The framework comprises of three main functions corresponding to the three key steps of the algorithm, each of which can be run independently of the other. Before describing the steps, first note that each function requires as input a sample character matrix msa_aa
, which can be formed from a FASTA file with name fasta_name
by
[Header_fasta, Sequence_fasta] = fastaread(fasta_name);
msa_aa = cell2mat(Sequence_fasta');
The above code however, assumes that each sequence is of the same length, which you will have to ensure yourself. An example FASTA file is provided in the folder "MSA and Landscape".
We now describe the three steps, where we assume all examples are to be run in the MATLAB command prompt.

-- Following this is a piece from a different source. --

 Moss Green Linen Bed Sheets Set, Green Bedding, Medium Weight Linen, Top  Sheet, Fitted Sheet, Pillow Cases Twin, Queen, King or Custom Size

The purpose of this step is to reduce the number of states (resulting in a decrease in the number of couplings) to achieve a balance between bias and variance. The function which implements this is mutantCombining
and the output phi_opt
is the optimal combining factor which represents the fraction of the entropy obtained by "coarse-graining" or combining the least-frequent states to one state, compared to the entropy without combining. Note that phi_opt=0
corresponds to the pure Ising case, while phi_opt=1
corresponds to the pure Potts case.
Choose the optimal combining factor from phi_array
, a vector of possible values, and weight_seq
, the weighting per sequence.
phi_array = [0:0.1:1];
weight_seq = ones(size(msa_aa,1),1) ; % equal weighting per patient
phi_opt = mutant_combining(msa_aa, 'weight_seq',weight_seq,'phi_array',phi_array);
The default values of weight_seq is set to equal weighting per patient, i.e.,
weight_seq = ones(size(msa_aa,1),1) ; % equal weighting per patient
while the default value of phi_array is
phi_array=[0 0.1 0.2 0.3 0.4 0.5 0.6 0.7 0.8 0.9:0.1:1];
Thus running
phi_opt = mutant_combining(msa_aa);
will produce the optimal combining factor using these default values.

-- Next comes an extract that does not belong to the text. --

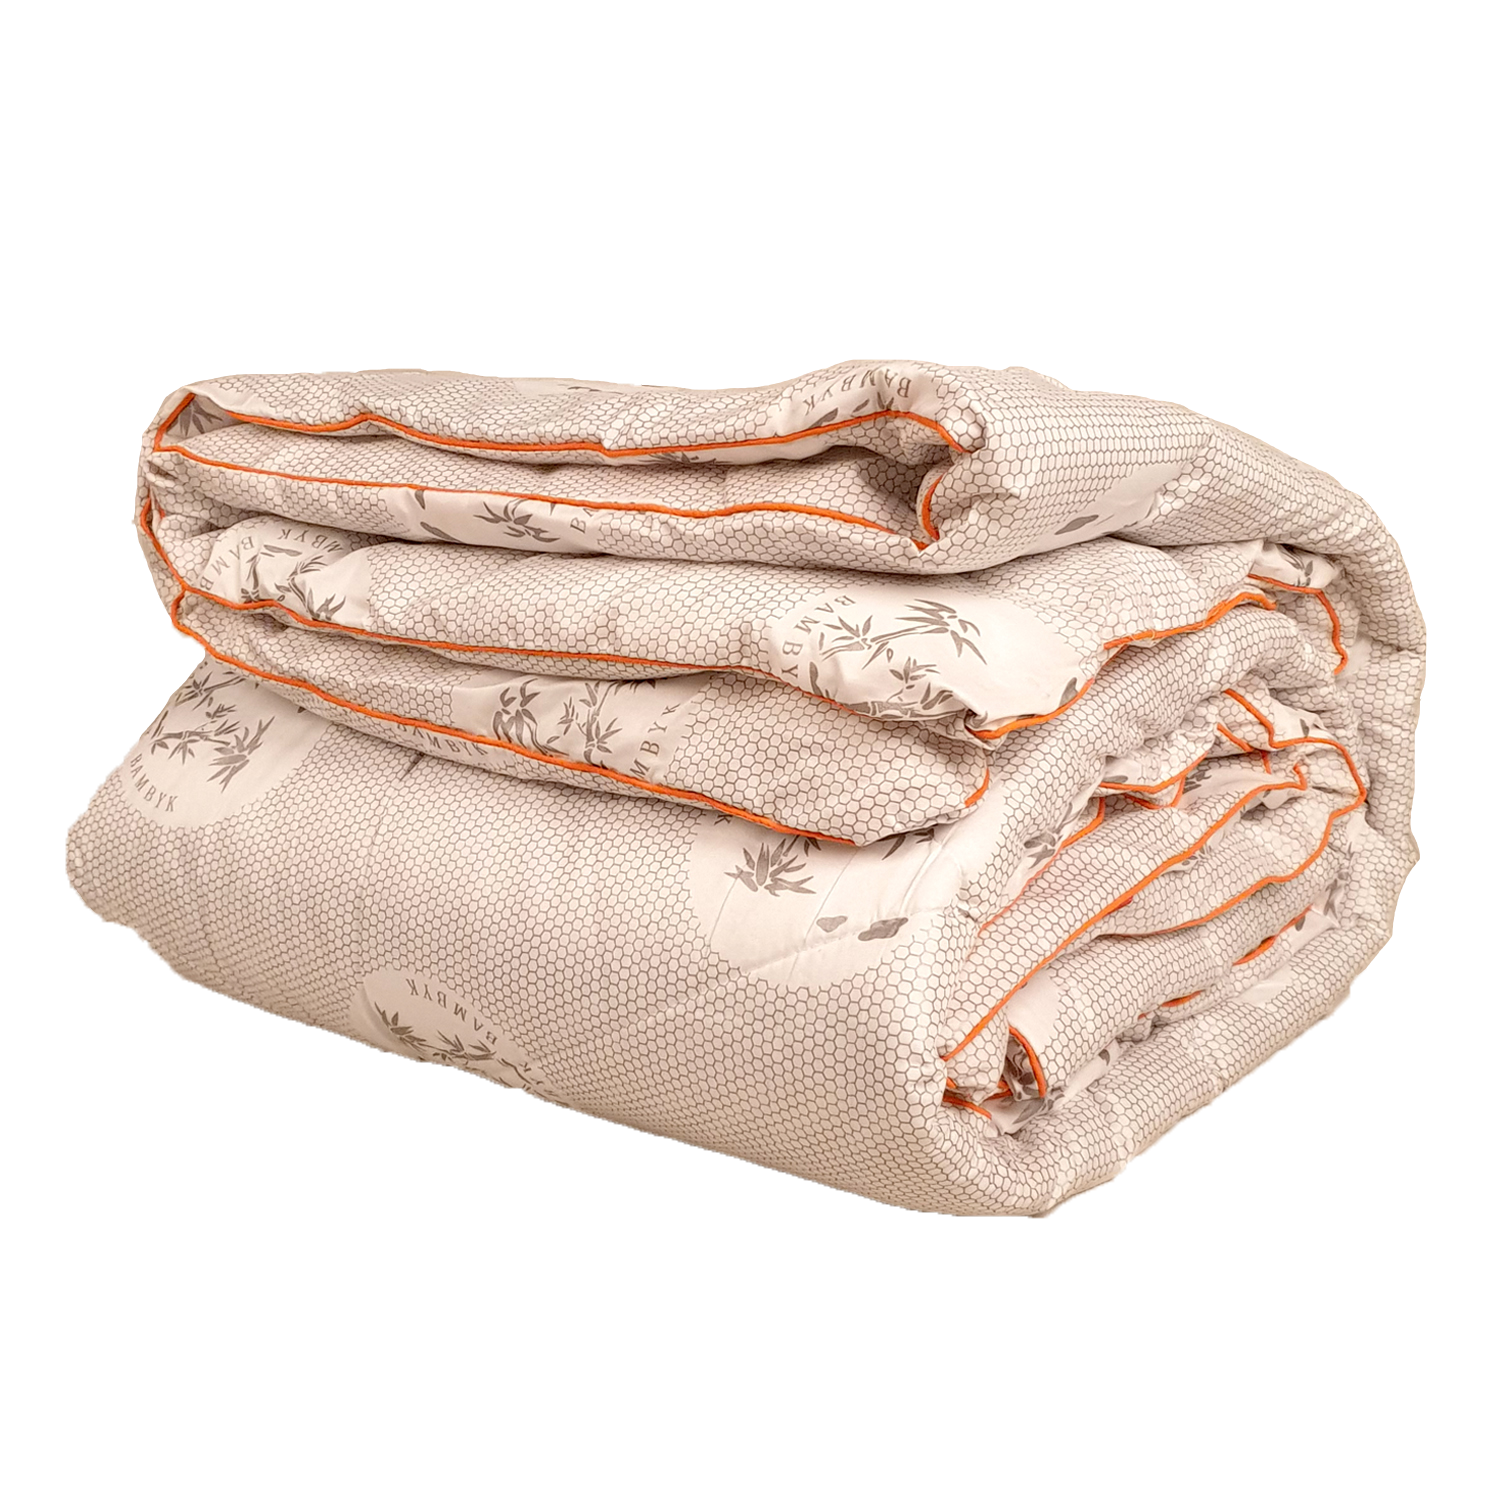 Одеяло всесезонное Бамбук (50/50) чехол тик п/э

The MPF (Step 2) and BML (Step 3) functions both require helper variables, produced by the function helper_variables.m
. These helper variables are
msa_bin
- binary extended matrix after combining with factor phi_opt
msa_bin_unique
- unique rows of msa_bin
weight_seq_unique
- weight of each sequence in msa_bin_unique
freq_single_combine_array
- frequency of each amino acid after combining with factor phi_opt
.
amino_single_combine_array
- amino acid sorted in decreasing order of frequency after combining with factor phi_opt
num_mutants_combine_array
- number of mutants at each residue
phi_opt
- optimal combining factor
Calculate the helper variables for the Ising model and equal weight per patient:
phi_opt = 0; % Ising model
weight_seq = ones(size(msa_aa,1),1) ; % equal weighting per patient
[msa_bin, msa_bin_unique,weight_seq_unique,freq_single_combine_array,amino_single_combine_array,num_mutants_combine_array,phi_opt] = helper_variables(msa_aa,'weight_seq',weight_seq,'phi_opt',phi_opt);
If weight_seq
is not specified, it is set to equal weighting per patient, i.e.,
weight_seq = ones(size(msa_aa,1),1) ; % equal weighting per patient
while the default value of phi_opt
is the Potts model, i.e.,
phi_opt=1;
This step runs a regularized Potts and mex-function extension of the Minimum-Probability-Flow (MPF) algorithm, as originally proposed in
Sohl-Dickstein J, Battaglino P, DeWeese MR (2009) Minimum Probability Flow learning. Proc 28th ICML 107(Ml):12.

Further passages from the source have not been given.